What kind of company is going to survive? What kind of people will run those companies? Will the market always be trying to catch up with new products, meaning that the successful companies have to focus on product development? Will the industry be constantly spewing out products to meet still-unrecognized needs, meaning that the companies have to focus on marketing strategies? Or will the hardware manufacturers and book publishers make it all academic by publishing their own software and forcing out the independent companies?
These are life-and-death questions for the entrepreneurs struggling to establish themselves as future industry leaders. They have the opportunity to build truly important companies, but they won't have it for long at the rate the market is growing.

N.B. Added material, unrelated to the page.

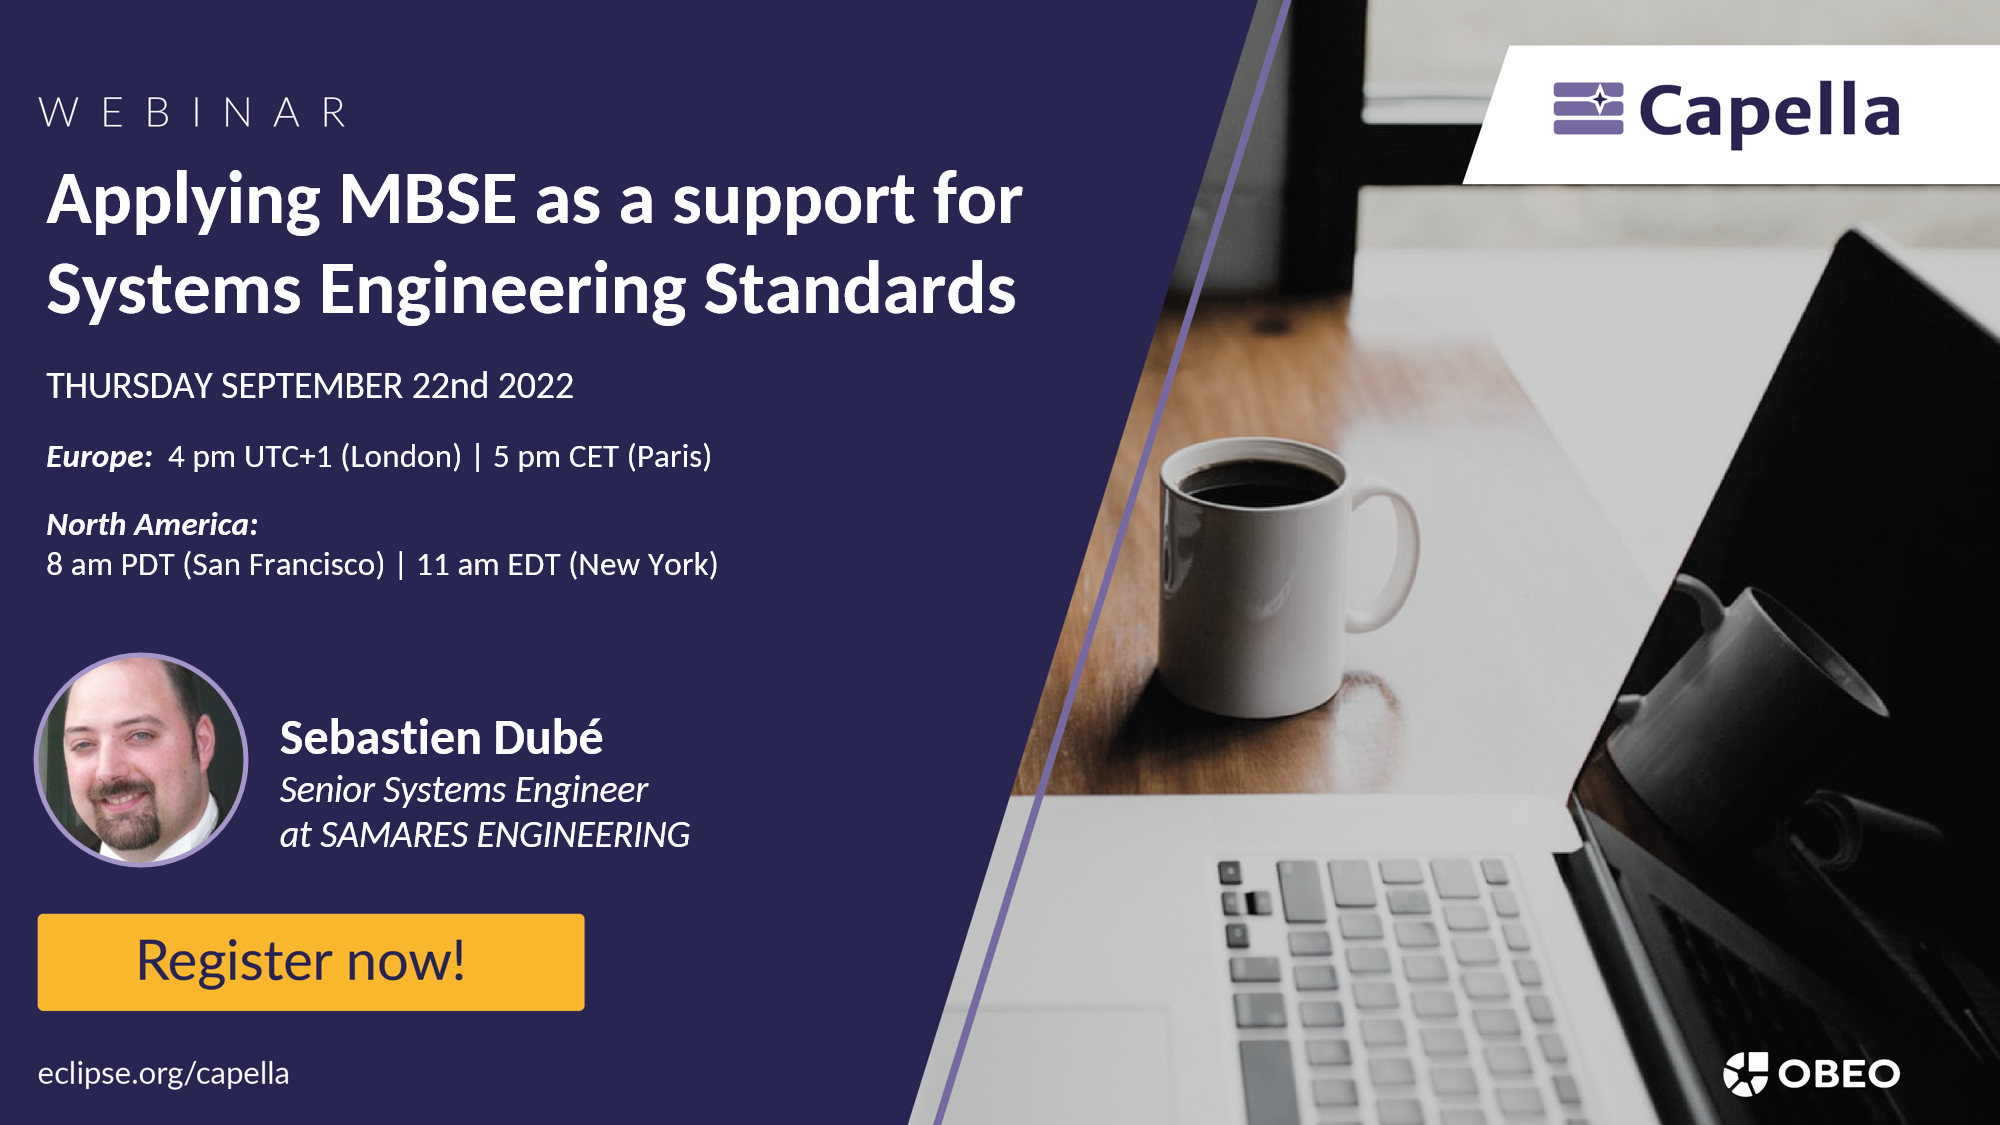 Applying MBSE as support for Systems Engineering Standards

So they have to decide now, without any history to base their decisions on, how to structure their companies, what products to make, and how to sell those products.
On one side of that crucial decision are the marketing people, the ones who think that the selling of the product is more critical than the making of the product. "The companies that become really big businesses won't be generating their own software for the most part; they'll package and distribute it. Those who create software will remain a cottage industry," says Adam Osborne, an industry expert who recently introduced his own low-priced, portable computer.

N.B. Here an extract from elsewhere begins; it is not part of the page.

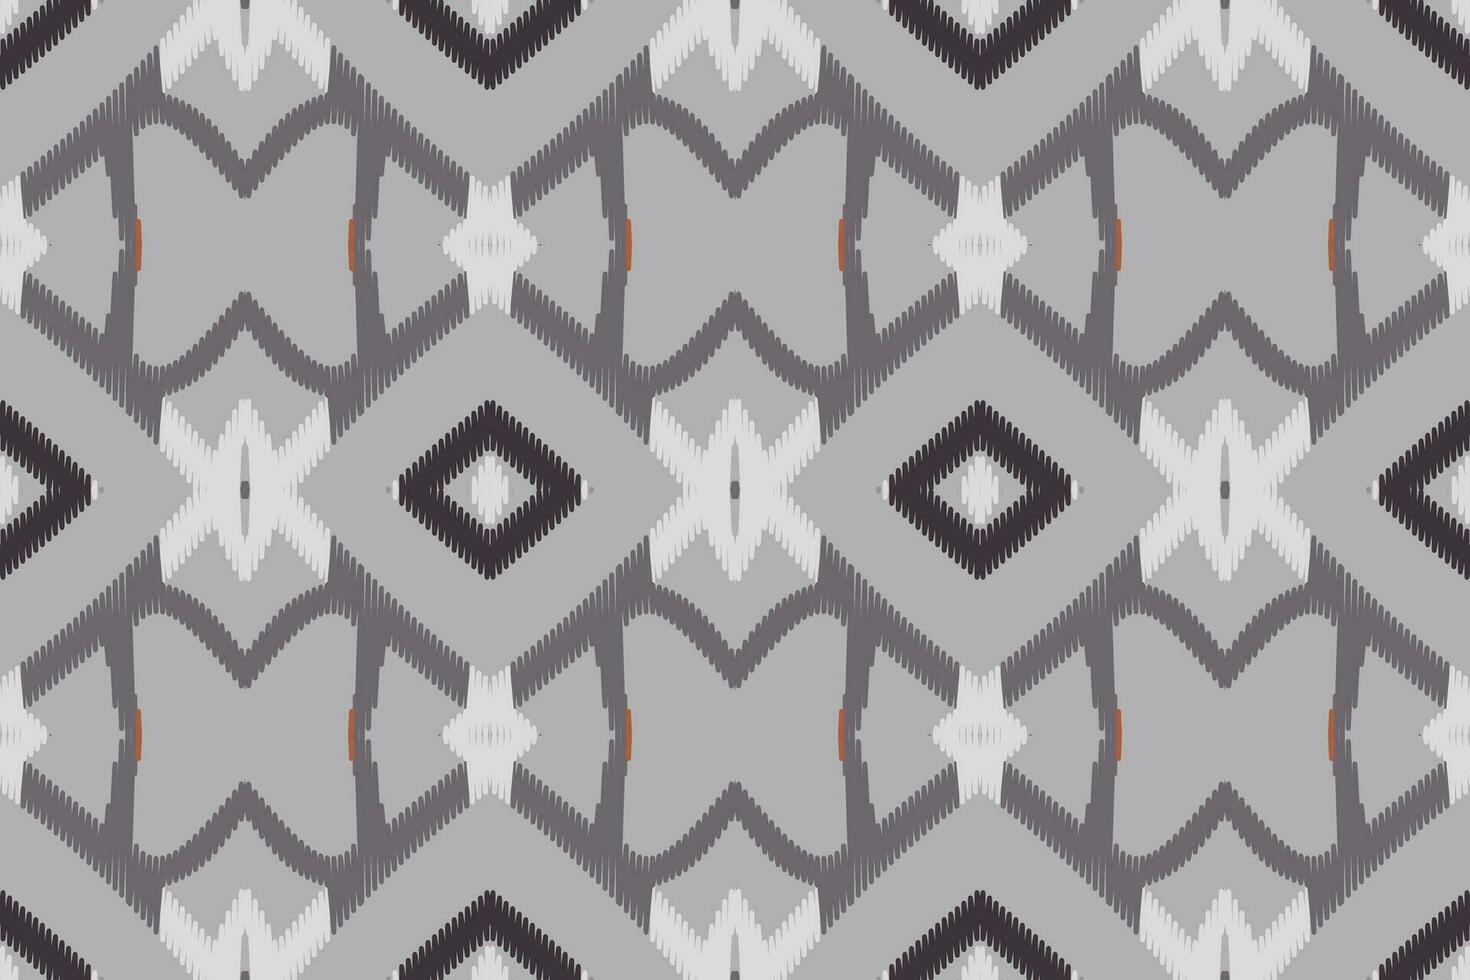 Ikat Seamless Pattern Embroidery Background. Ikat Frame Geometric Ethnic Oriental Pattern traditional.aztec Style Abstract Vector illustration.design for Texture,fabric,clothing,wrapping,sarong.

"Programming is one of the few things in life that cannot be automated," says Paul Lutus, who wrote the popular Apple Writer word-processing program in a plywood cabin atop a mountain in Oregon some 23 miles from the nearest town. (He had to string up a 1,300-foot extension cord to get electricity to run his computer.) "It's hard to get good programmers to sit in a factory atmosphere and have them be truly creative on demand."

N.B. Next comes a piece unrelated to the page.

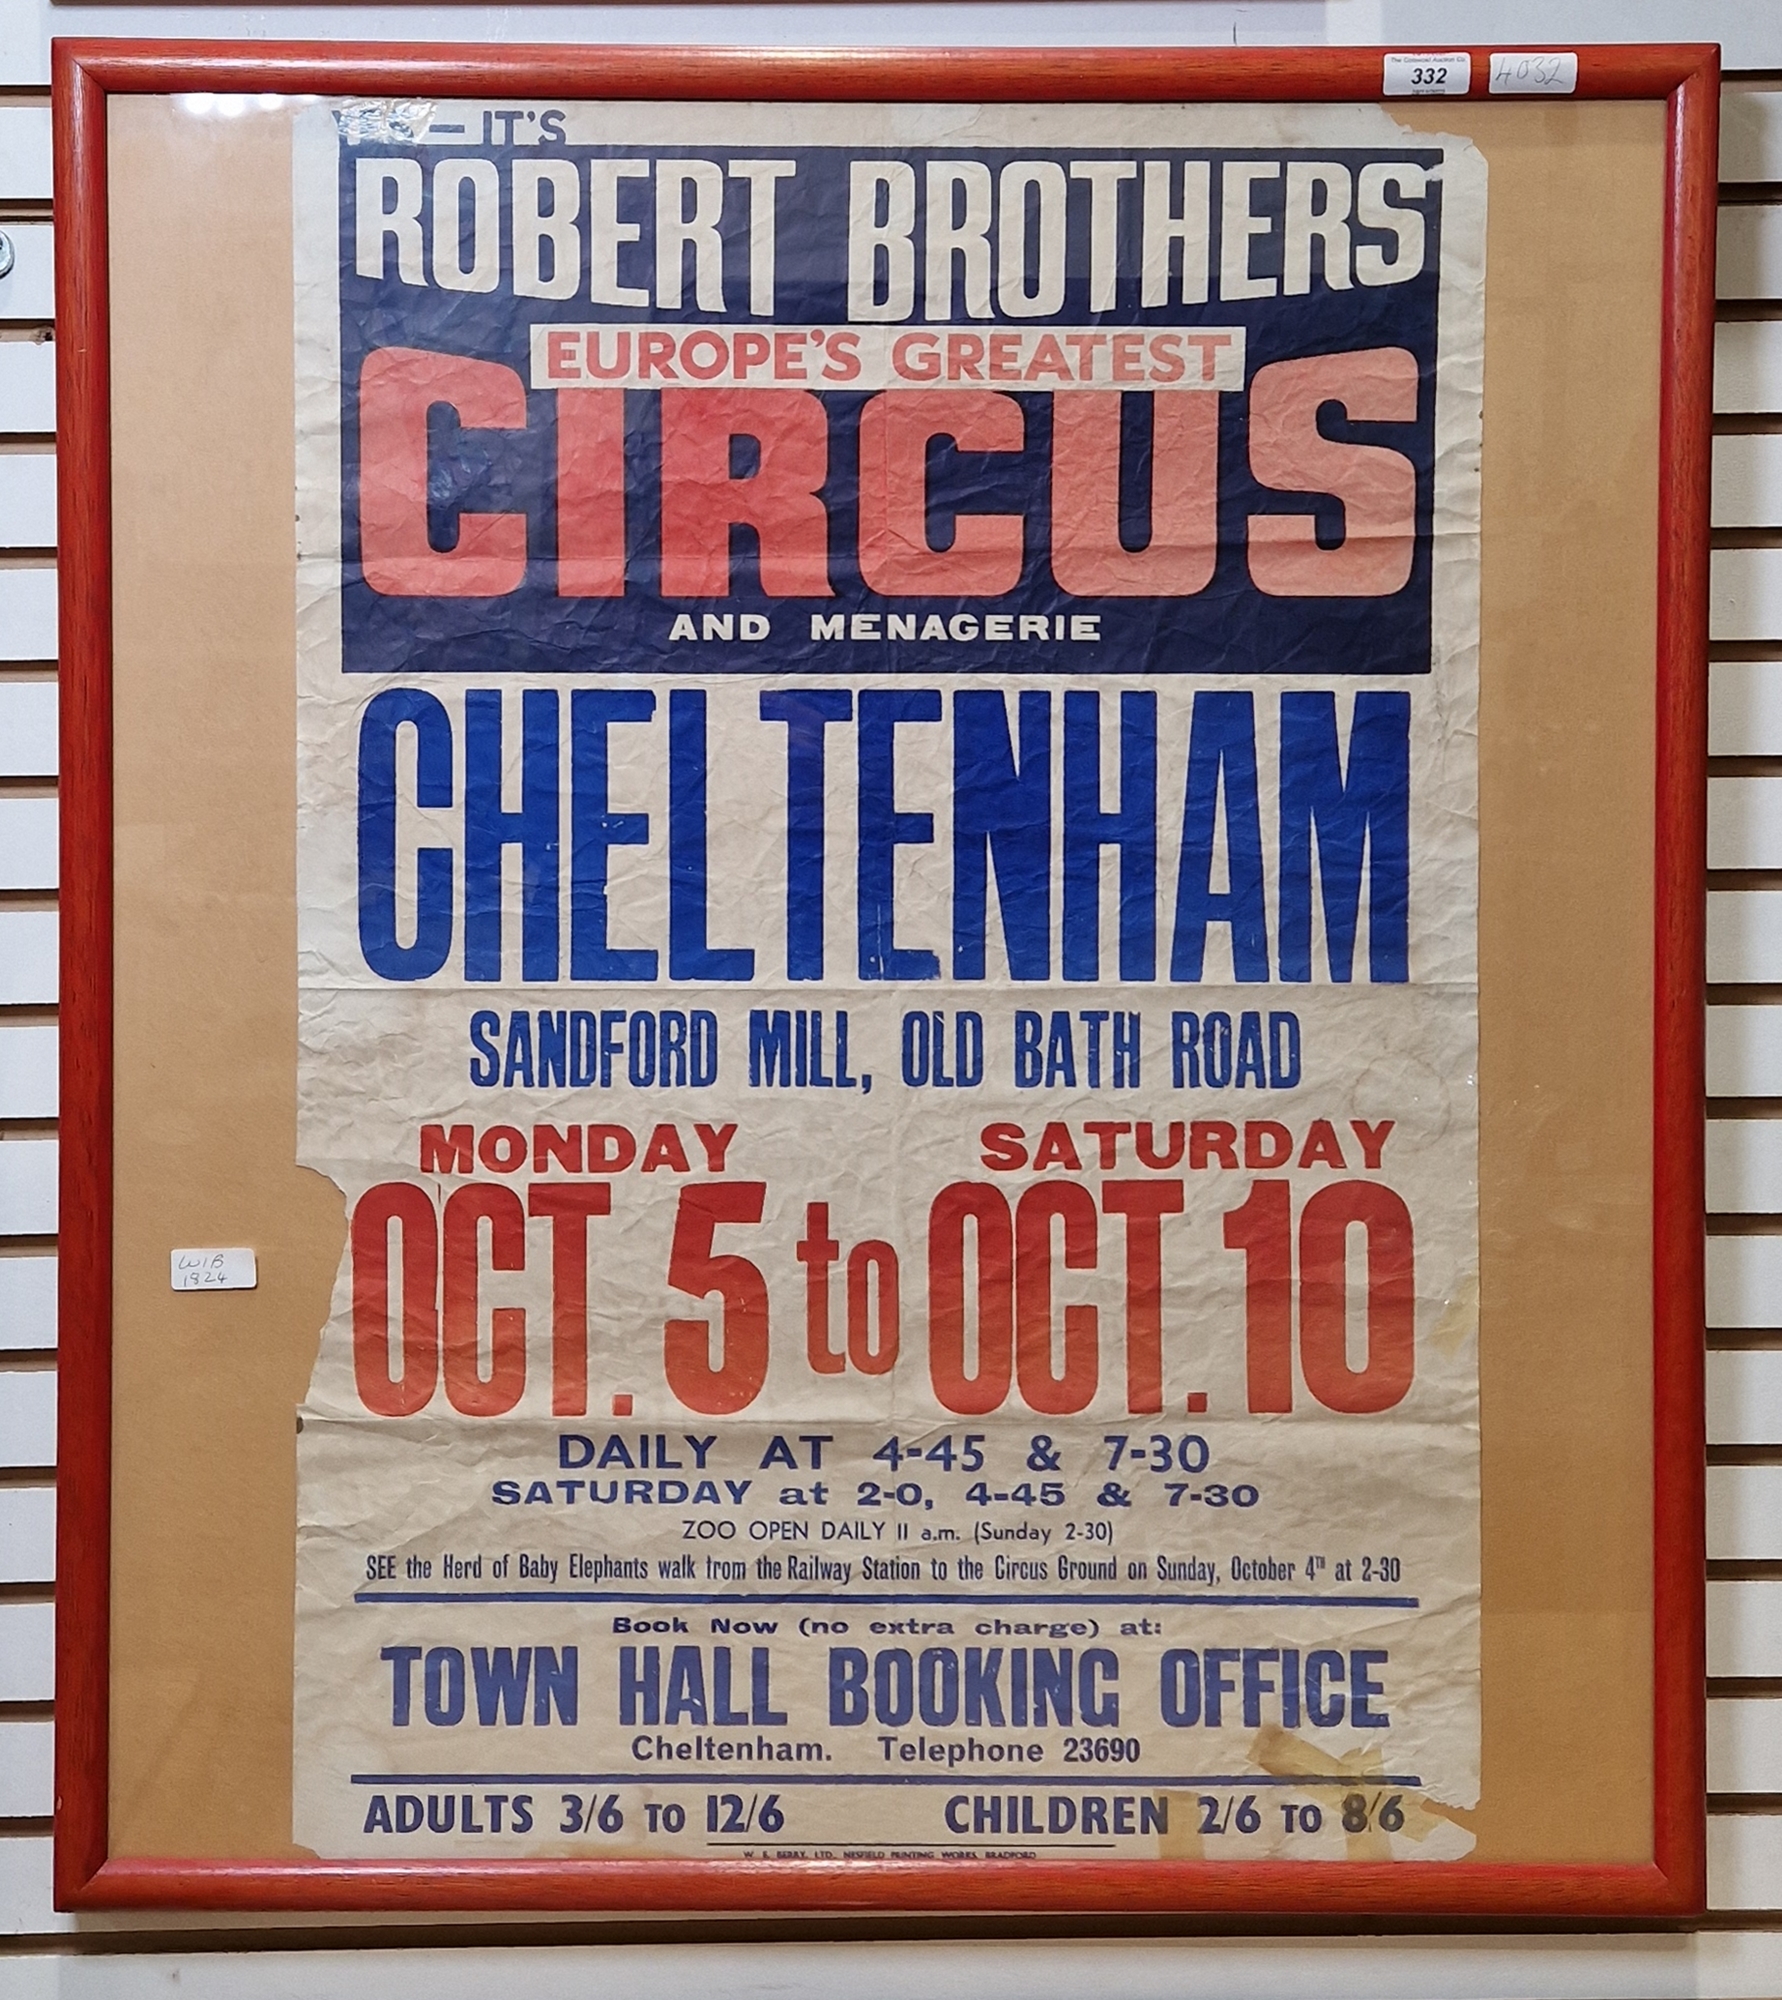 Vintage circus poster for Robert Brothers Circus and Menagerie, Cheltenham show at Sandford Mill,

On the other side of the question are the product people, the ones who think that the making of the product is more important than the selling of it. "I'm like George Lucas, bringing together a creative team that will come up with a unique, well-crafted product," says Mitch Kapor, who founded Micro Finance Systems Inc. in his Watertown, Mass., apartment after he bought an Apple computer on impulse, decided to forget about his Ph.D. in psychology and started programming computers instead. He recently sold his VisiPlot/VisiTrend program to Personal Software for more than $1 million, and used the money to start a new software development firm called Lotus Development Co.
The costs of team development range from $250,000 to $500,000, says Kapor, so fewer independent authors will be able to compete. "A number of pioneers in this industry," he says, "have gotten rich in the past few years by being merely competent and very lucky."
Sitting solidly on the fence are the entrepreneurs who will likely turn out to be right. "It's not as simple as authors and publishers," says Dan Fylstra of Personal Software." You have to bring together under one management the whole process: the concept, development, documentation, marketing, and technical support. It's the control and determination of standards that's important. That's what we're doing, and it's the direction the industry must take."
Although most of the companies in this business will survive whatever decisions their founders make now, mere survival is not what these people are dreaming about. That's the crux of this question: Just surviving in a business growing so fast really amounts to failure. When the industry shakes out in the next few years, as all new industries do, these entrepreneurs want to be on top of the rubble, not under it.